I wondered: Did this sense of loss include nostalgia for those holes in the ground I remember from my limber youth? Had the three-hour lunch and naptime that closed those charming small stores and other machines of commerce gone the way of the “Deux Chevaux,” Citroen’s 2CV—a masterpiece of automotive minimalism and environmental low-impact, lacking only in comfort, speed, and safety? Haven’t laundromats finally replaced the blanchisseries that needed a week to wash and dry (and fold origami-like) the family clothes? With standard-sized refrigerators now a staple of the French kitchen, has weekly, instead of daily, shopping cast a shadow on domestic cuisine? In my time, there were no “hypermarkets” anywhere; small stores dotted the urban landscape no less than the villages.

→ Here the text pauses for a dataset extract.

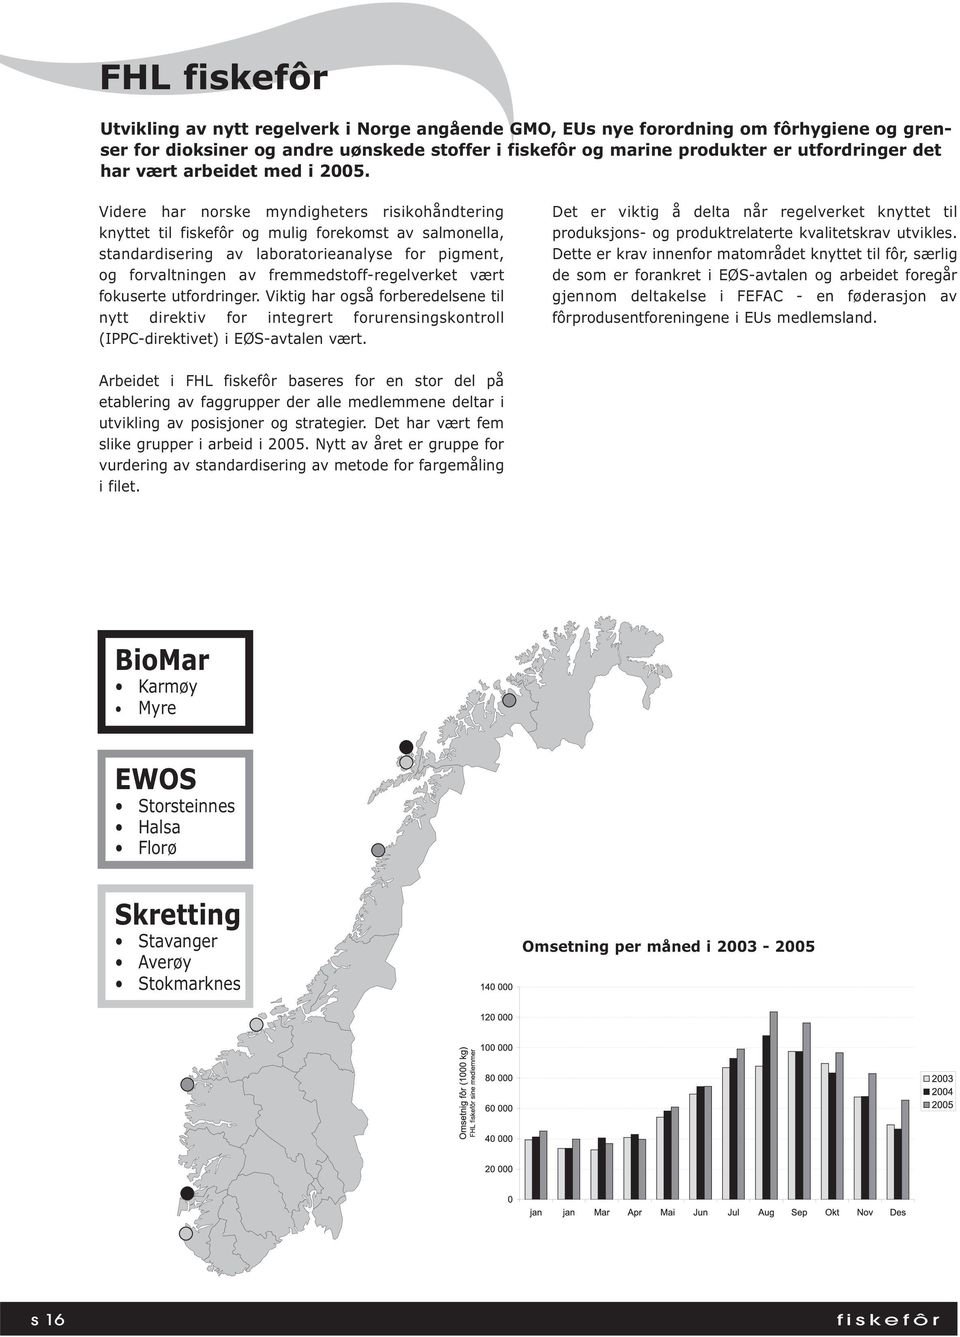 Videre har norske myndigheters risikohåndtering knyttet til fiskefôr og mulig forekomst av salmonella, standardisering av laboratorieanalyse for pigment, og forvaltningen av fremmedstoff-regelverket

When Marie Le Pen’s supporters chant “On est chez nous” as a lament for French identity and a plea to bring back the glory days, what do they really remember? Even she has dressed down for the campaign. Do they long for the daily domestic routine tied to the timetable of the bakery, the milk store, the butcher, the charcuterie, whose restricted hours and limited choices were as dictatorial as anything the EU has dreamed up? Do they imagine that the Napoleonic Code governing every aspect of daily life—or perhaps the dirigiste mentality the Code symbolized—was more liberating? Don’t the stagnant economy and youth unemployment have something to do with France’s very own work rules? In 1968 you practically had to take a blood test to use the Bibliotheque Nationale and have formal permission to conduct a riot.
What else have the French forgotten? Le Pen’s recent remarks on the French police’s notorious July 1942 round-up and deportation of Jews to German death camps neatly exonerated the French people: “If there was responsibility, it is with those who were in power at the time, it is not with France. France has been mistreated, in people’s minds, for years.” When I was in France, the French were just beginning to acknowledge their role in the Holocaust. Now some of them are trying hard to forget it. They are also trying to forget that the immigrants Le Pen promises to expel are the children of France’s mission civilisatrice, colonial governance in Africa, Asia, and the Middle East.
Identity is a two-edged sword. The French, and certainly those who support Le Pen, seem to have forgotten—the charming village stores notwithstanding—a great deal about France’s past.